— Activity —
Please write the following entries out once more, exactly.

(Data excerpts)
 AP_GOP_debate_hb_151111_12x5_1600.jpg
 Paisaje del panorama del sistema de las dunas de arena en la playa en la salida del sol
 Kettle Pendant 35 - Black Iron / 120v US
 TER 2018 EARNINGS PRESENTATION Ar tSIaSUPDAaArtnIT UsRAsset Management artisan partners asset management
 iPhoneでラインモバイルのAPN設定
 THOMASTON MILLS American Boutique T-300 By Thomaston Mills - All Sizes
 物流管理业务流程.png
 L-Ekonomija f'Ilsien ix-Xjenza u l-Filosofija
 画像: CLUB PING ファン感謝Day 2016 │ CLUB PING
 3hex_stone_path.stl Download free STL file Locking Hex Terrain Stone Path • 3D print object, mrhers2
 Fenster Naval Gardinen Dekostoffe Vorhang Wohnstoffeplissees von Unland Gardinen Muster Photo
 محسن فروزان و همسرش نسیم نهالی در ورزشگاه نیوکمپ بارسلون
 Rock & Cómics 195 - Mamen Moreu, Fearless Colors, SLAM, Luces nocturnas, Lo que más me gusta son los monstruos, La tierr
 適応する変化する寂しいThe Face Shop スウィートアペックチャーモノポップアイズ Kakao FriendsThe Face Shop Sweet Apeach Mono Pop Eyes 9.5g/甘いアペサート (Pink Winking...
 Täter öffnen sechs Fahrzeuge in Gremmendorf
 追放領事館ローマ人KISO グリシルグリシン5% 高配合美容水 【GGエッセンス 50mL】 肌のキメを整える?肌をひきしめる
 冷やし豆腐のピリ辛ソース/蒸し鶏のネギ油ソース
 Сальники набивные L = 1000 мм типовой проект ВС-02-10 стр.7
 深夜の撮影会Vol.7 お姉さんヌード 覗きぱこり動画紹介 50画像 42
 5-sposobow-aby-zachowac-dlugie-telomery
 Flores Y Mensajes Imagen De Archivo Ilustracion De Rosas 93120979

— Your solution —
 AP_GOP_debate_hb_151111_12x5_1600.jpg
 Paisaje del panorama del sistema de las dunas de arena en la playa en la salida del sol
 Kettle Pendant 35 - Black Iron / 120v US
 TER 2018 EARNINGS PRESENTATION Ar tSIaSUPDAaArtnIT UsRAsset Management artisan partners asset management
 iPhoneでラインモバイルのAPN設定
 THOMASTON MILLS American Boutique T-300 By Thomaston Mills - All Sizes
 物流管理业务流程.png
 L-Ekonomija f'Ilsien ix-Xjenza u l-Filosofija
 画像: CLUB PING ファン感謝Day 2016 │ CLUB PING
 3hex_stone_path.stl Download free STL file Locking Hex Terrain Stone Path • 3D print object, mrhers2
 Fenster Naval Gardinen Dekostoffe Vorhang Wohnstoffeplissees von Unland Gardinen Muster Photo
 محسن فروزان و همسرش نسیم نهالی در ورزشگاه نیوکمپ بارسلون
 Rock & Cómics 195 - Mamen Moreu, Fearless Colors, SLAM, Luces nocturnas, Lo que más me gusta son los monstruos, La tierr
 適応する変化する寂しいThe Face Shop スウィートアペックチャーモノポップアイズ Kakao FriendsThe Face Shop Sweet Apeach Mono Pop Eyes 9.5g/甘いアペサート (Pink Winking...
 Täter öffnen sechs Fahrzeuge in Gremmendorf
 追放領事館ローマ人KISO グリシルグリシン5% 高配合美容水 【GGエッセンス 50mL】 肌のキメを整える?肌をひきしめる
 冷やし豆腐のピリ辛ソース/蒸し鶏のネギ油ソース
 Сальники набивные L = 1000 мм типовой проект ВС-02-10 стр.7
 深夜の撮影会Vol.7 お姉さんヌード 覗きぱこり動画紹介 50画像 42
 5-sposobow-aby-zachowac-dlugie-telomery
 Flores Y Mensajes Imagen De Archivo Ilustracion De Rosas 93120979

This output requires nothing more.